Temporary foreign workers are supposed to be covered by minimum labour standards and occupational health and safety laws, but enforcement is an issue. Their vulnerable status makes it very difficult for them to insist that the employer respect the existing laws or to call upon the government to provide redress and official enforcement is reported to be unseen.

In theory, temporary foreign workers have the right to permanent residence status but no path to status exists within the program. They can acquire sponsorship from their employer, but usually the employer has no incentive to do so. The applicant must master an official language but usually their working conditions, including long hours without structured breaks, prohibit them from attending classes, if they exist in their region, or regularly fraternizing with English or French speakers through organized social or sports events.

The Live-in Caregiver Program does include a route to permanent residence, but caregivers, the vast majority of them women, are subject to a two-step immigration process that requires they enter Canada with temporary status and an employment contract but without their families. They must complete their contract before they can apply for permanent residence, which presents problems of what to do after the contract finishes. The program for permanent residence also includes a cap on applications, which is yet another restriction. This year, after sustained work by live-in caregivers and their supporters, the federal government announced two "pilot projects" to run over the next five years, that will allow those recruited in this category of workers to come to Canada with their families. Once a caregiver has their work permit and two years of experience, it is said they will then have "access to a direct pathway to permanent residence." As well, a small window is presently open this year to retroactively provide such "access" for caregivers already in Canada who came to the country with the expectation that they could apply for permanent residency, only to find out later that this was not possible under the programs through which they were recruited.

In 2014, in the midst of mass media coverage of certain employers abusing the TFWP, the Harper government intervened in such a manner to create friction between Canadian workers and temporary workers. The government made a big deal of giving Canadian workers priority over temporary workers for available jobs. In the process, the government made the eligibility criteria for employment insurance even more stringent for all workers and further limited foreign workers' access to any EI benefits. A goal of all these programs, aside from providing cheap workers for employers, is to discourage unity of the working class in defence of its rights.

The federal government gradually reduced the percentage of eligible foreign workers relative to a company's total workforce to 10 per cent by 2016. According to the workers' defence organizations, as the percentage was lowered some temporary foreign workers who had arrived when the percentage was higher were suddenly fired and forced to work underground to stay in Canada. In response to the lower allowable percentage, certain regular employers of temporary workers campaigned to have the percentage relaxed.
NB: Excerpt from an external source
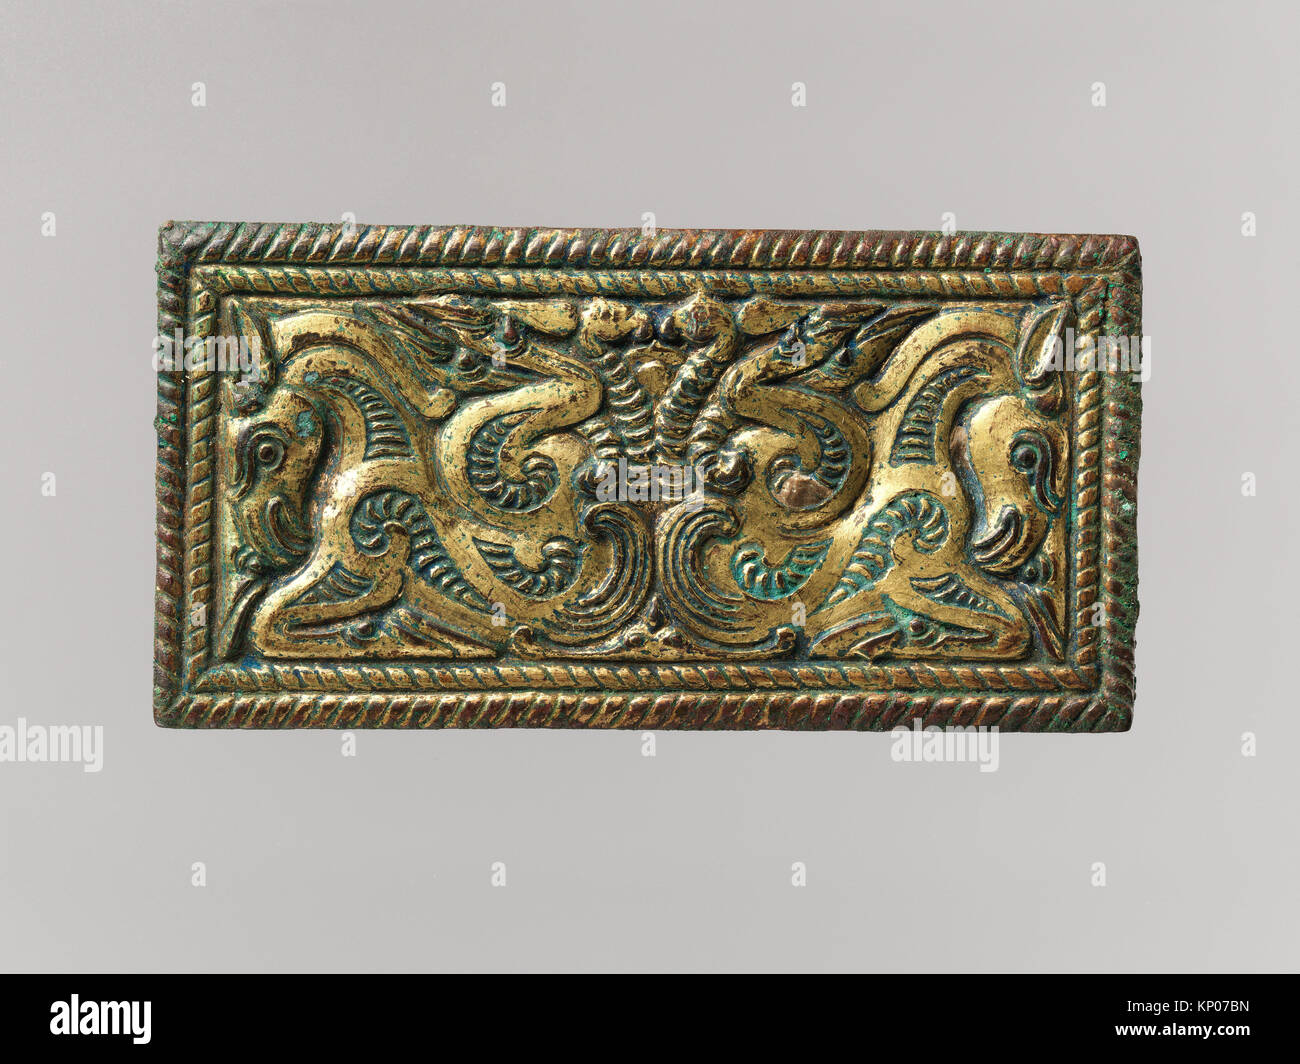 La boucle de ceinture de sécurité avec les ongulés à bec. Date : 2ème  siècle avant J.C, Culture : le nord de la Chine ; moyen : bronze doré ;  Dimensions :

The Trudeau government complied, raising the level to 20 per cent, a figure that still retains its arbitrariness as far as temporary workers are concerned as they become disposable when the percentage is exceeded.

The Harper government in 2014 also changed the rules so that the federal government may refuse applications for the hiring of temporary foreign workers for low-paid positions in the accommodation and food services and retail trade sectors in areas where the official unemployment rate is equal to or higher than six per cent. The Trudeau government has endorsed the change. Again, this pits workers against one another in that foreign workers are indirectly blamed for causing hardship for Canadian workers as competitors willing to accept low wages and precarious work. This perpetuates the imperialist consciousness that obfuscates the class conflict between the working class and a ruling financial oligarchy as the root of all the problems facing workers and the socialized economy, and why workers are routinely deprived of their rights and the economy suffers recurring crises and its basic problems remain unsolved.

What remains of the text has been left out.